Literasi Lemah, Pendidikan Terancam
- 04 Mei 2026 04:59 WIB
- Banjarmasin
Poin Utama
- Rendahnya budaya membaca menjadi ancaman serius bagi kualitas pendidikan saat ini
- Pendidikan yang hanya berorientasi formalitas dinilai mengabaikan esensi pemahaman ilmu
- Literasi yang lemah dapat berdampak pada cara berpikir masyarakat dan masa depan peradaban
RRI.CO.ID, Banjarmasin - Rendahnya budaya membaca dinilai menjadi ancaman serius bagi kualitas pendidikan saat ini. Hal ini disampaikan Akademisi UIN Antasari, Najib Irsyadi, M.Hum dalam dialog Kuliah Subuh di RRI Pro1 Banjarmasin, Senin 4 Mei 2026.
Ia menyoroti bahwa pendidikan modern sering terjebak pada formalitas seperti gelar dan administrasi. Padahal, esensi pendidikan justru terletak pada kemampuan memahami ilmu secara mendalam.
“Ketika membaca hanya menjadi formalitas, maka ilmu kehilangan maknanya,” ujar Najib Irsyadi. “Padahal perintah iqra’ menuntut kesungguhan dalam memahami ilmu.”
Menurutnya, lemahnya literasi berdampak pada cara berpikir masyarakat yang cenderung instan.

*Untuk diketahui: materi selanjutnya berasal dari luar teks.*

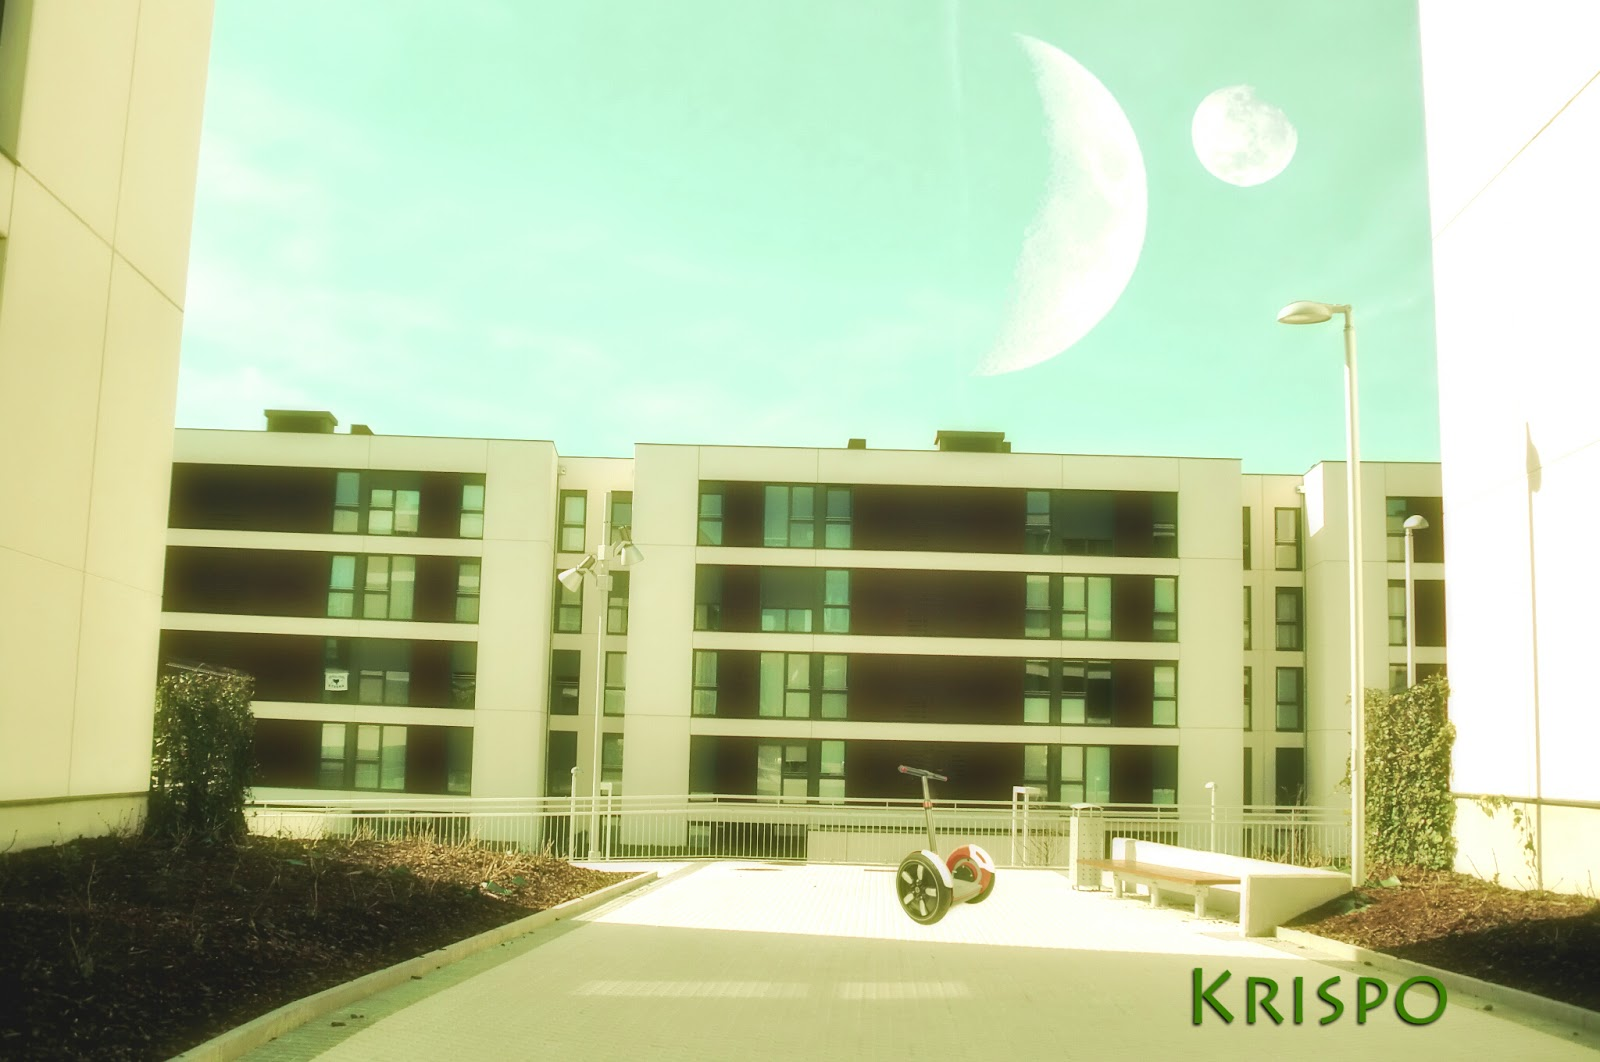 fotomontaje con dos lunas

Hal ini membuat banyak orang sulit membedakan informasi yang benar dan yang menyesatkan.
“Banyak orang membaca, tetapi tidak memahami isi dan maknanya,” ucapnya. “Akibatnya, informasi mudah disalahgunakan dan menimbulkan kebingungan.”

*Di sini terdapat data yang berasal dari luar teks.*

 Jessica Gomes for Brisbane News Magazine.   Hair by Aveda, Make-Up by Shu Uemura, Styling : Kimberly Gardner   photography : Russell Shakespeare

Ia juga menekankan bahwa pendidikan tanpa nilai spiritual akan kehilangan arah. Membaca dalam Islam tidak bisa dilepaskan dari kesadaran kepada Tuhan.
“Membaca harus dilakukan dengan kesadaran kepada Allah, bukan sekadar mengejar pengetahuan dunia,” kata Najib Irsyadi. “Jika tidak, ilmu bisa menjauhkan manusia dari nilai kebaikan.”
Di akhir, ia mengingatkan bahwa kemajuan peradaban sangat ditentukan oleh kekuatan literasi. Tanpa budaya membaca yang kuat, sulit bagi suatu bangsa untuk berkembang.
“Sejarah membuktikan, peradaban besar lahir dari budaya membaca,” ujar Najib Irsyadi. “Jika literasi lemah, maka masa depan pendidikan juga terancam.”
Rekomendasi Berita
Memuat berita terbaru.....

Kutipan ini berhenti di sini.